On-line version ISSN 0718-381X

Int. J. Odontostomat. vol.15 no.2 Temuco June 2021 


Apical Sealing Efficacy of the Bioceramic Cements Bio Root and MTA Fillapex: An ex vivo Study

Eficacia del Sellado Apical de los Cementos Biocerámicos Bio Root y MTA Fillapex: Un Estudio ex vivo

Daniel Aracena1 

Luis Bustos2 

Angella Aracena3 

Paula Alvarez4 

Scarlette Hernández-Vigueras5 

1 Dental School, Faculty of Sciences, Universidad Mayor, Temuco, Chile.

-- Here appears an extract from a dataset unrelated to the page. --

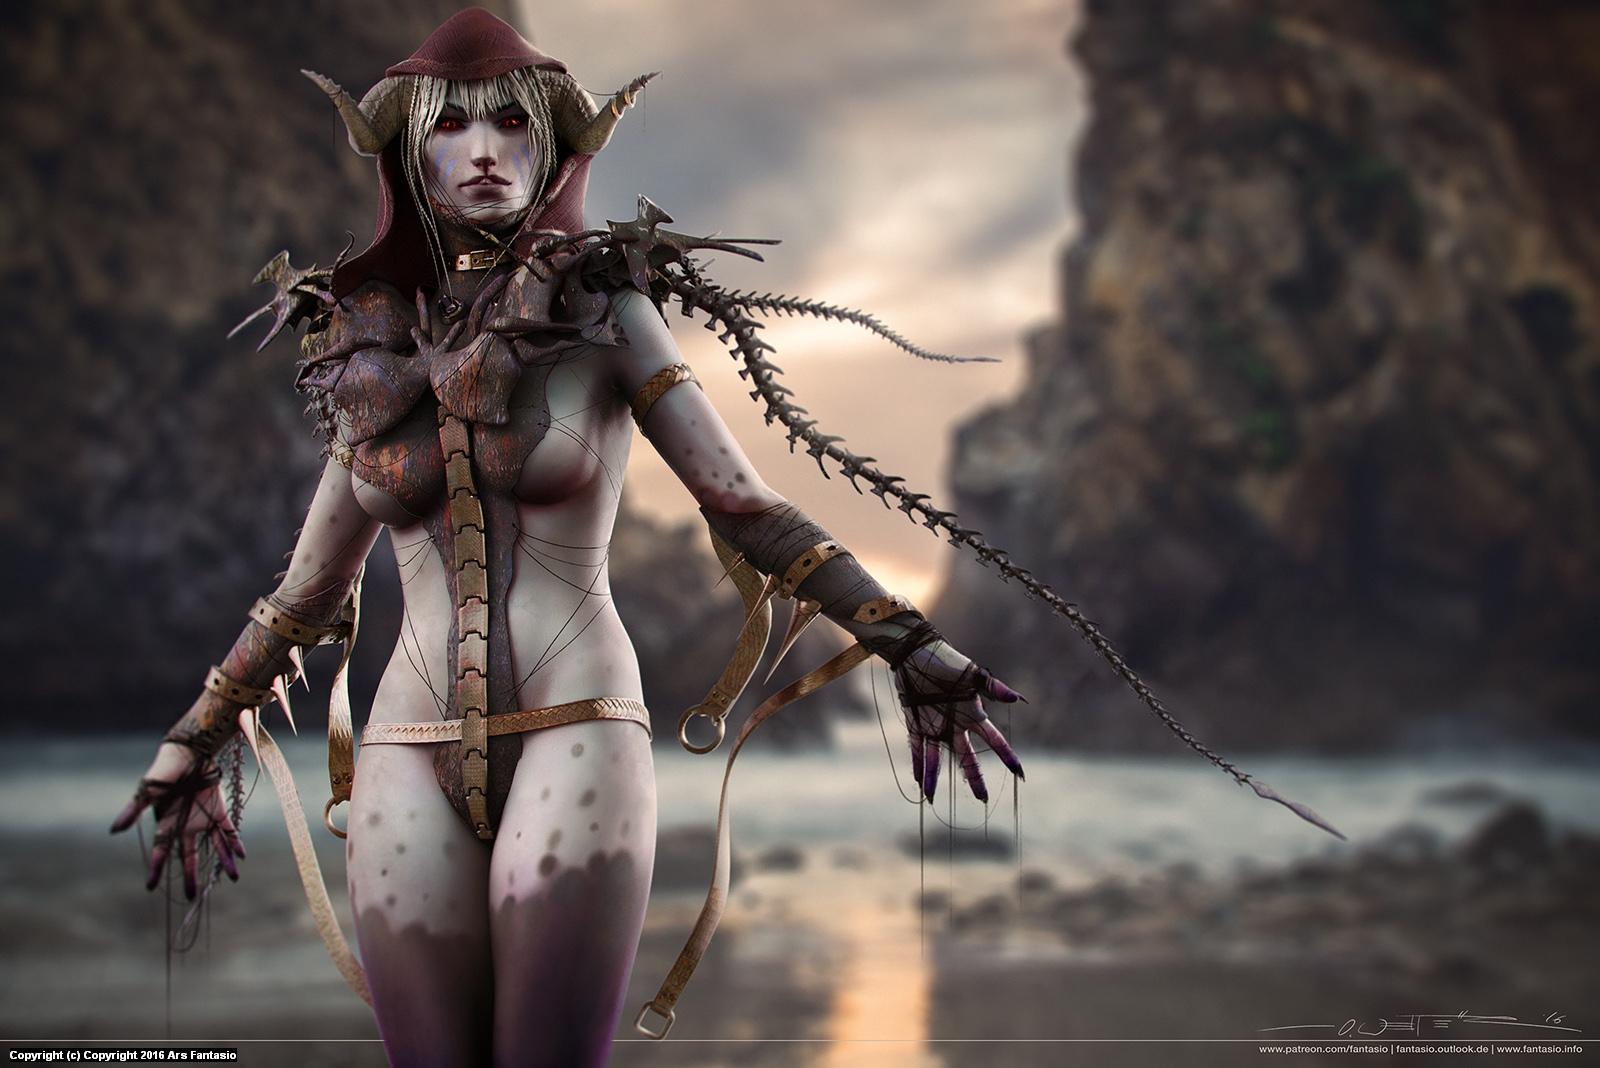 Demon Warrior Concept Artwork by Oliver Wetter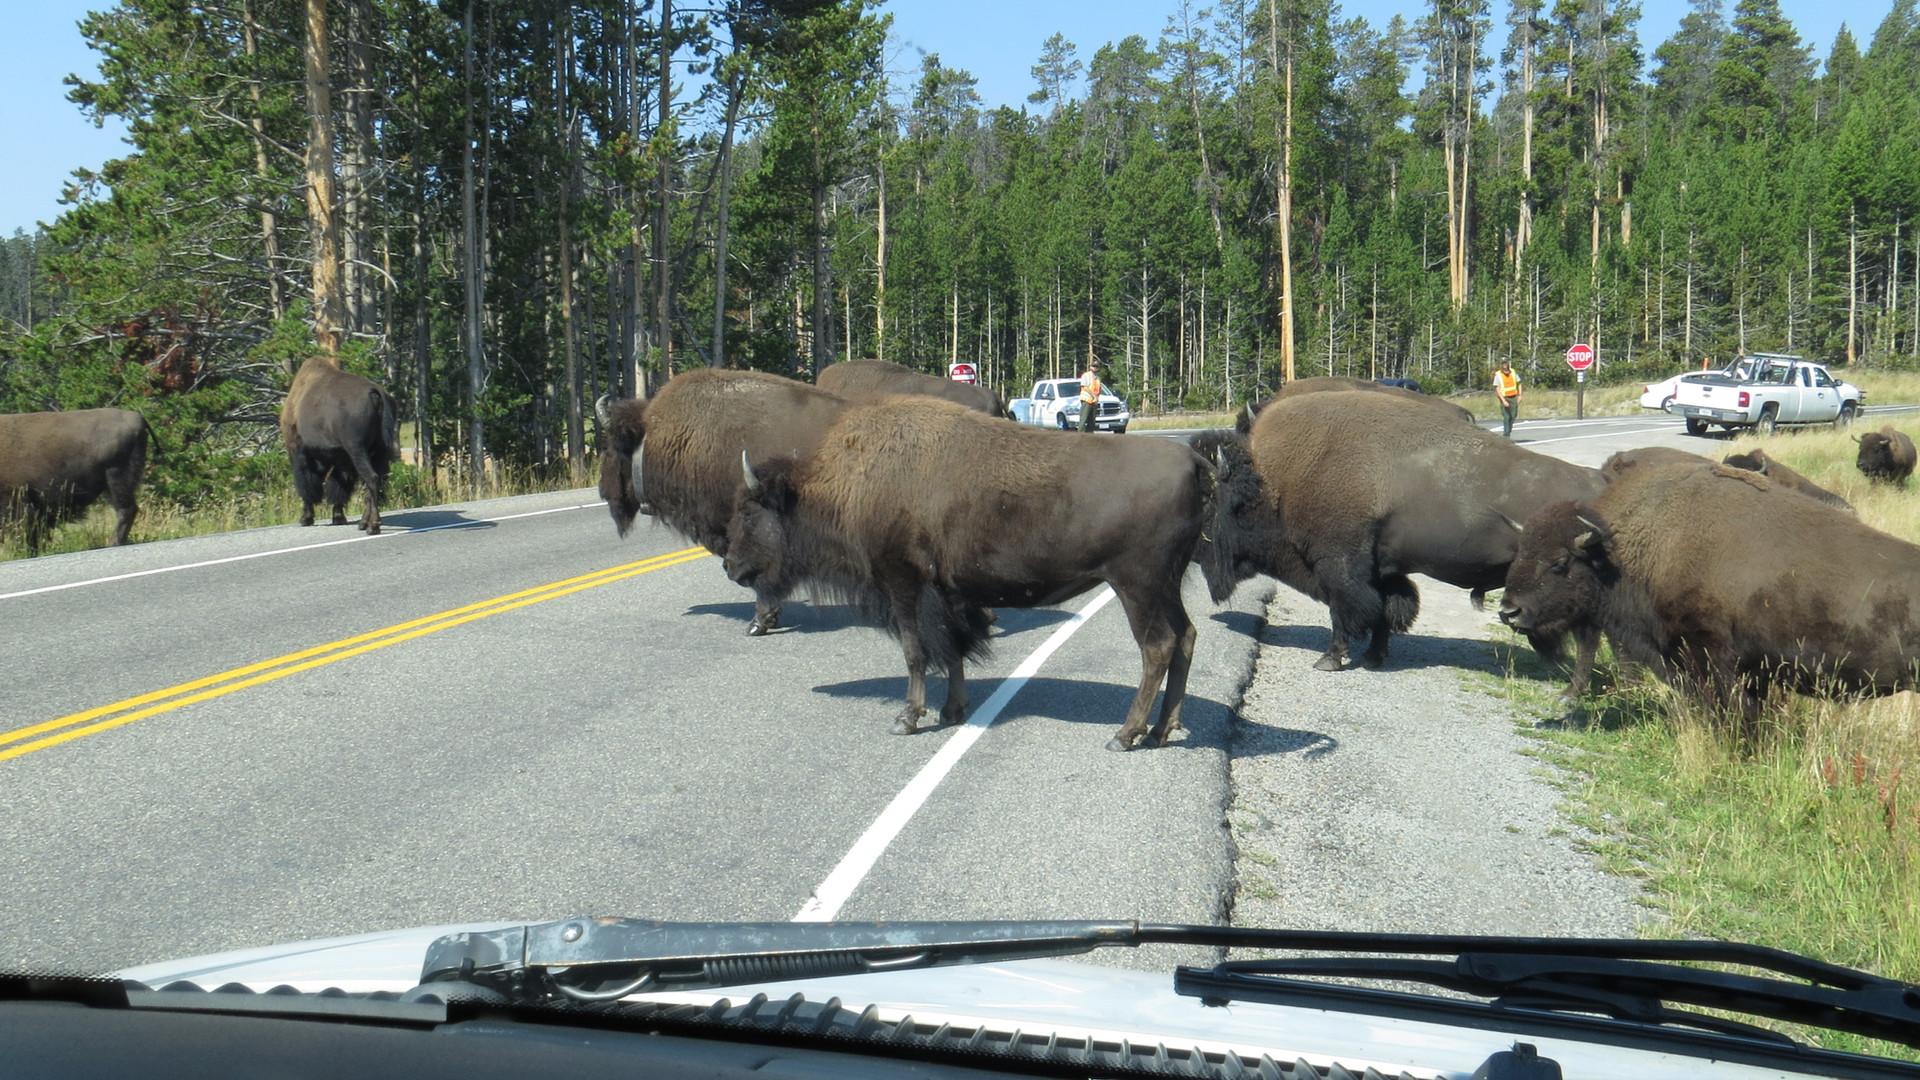 yellowstone-park-tour-bison-herd.JPG

2 Department of Public Health, CIGES, Faculty of Medicine, Universidad de La Frontera, Temuco, Chile.

3 Undergraduate Research Group in Odontology, Faculty of Health Sciences, Universidad Autónoma de Chile, Chile.

4 Postgraduate Endodontic, Universidad Mayor, Temuco, Chile.

5 Faculty of Medicine, Odontostomatology Institute, Universidad Austral de Chile, Valdivia, Chile.


The aim of this ex vivo study was to compare the ability of the apical sealing bioceramic cements BioRoot™ RCS (Septodont) and MTA-Fillapex (Angelus). One hundred and eighty-four vestibular canals were selected from ninety-two recently extracted maxillary molars. Canals were instrumented with the mechanized system ProTaper Next and obturated using the single cone technique. The sample was randomly divided into two groups (92): Group 1 was obturated with BioRoot ™ RCS, and Group 2 with MTA-Fillapex. Samples were processed for the leakage test by dye penetration and later cut longitudinally. The data obtained were tabulated and analyzed using Stata 15.0. The degree of leakage from BioRoot ™ RCS was 0.03 mm, and MTA-Fillapex was 0.31 mm p (0.00). BioRoot ™ bioceramic presented an adequate apical sealing, while MTA-Fillapex showed an accentuated leakage.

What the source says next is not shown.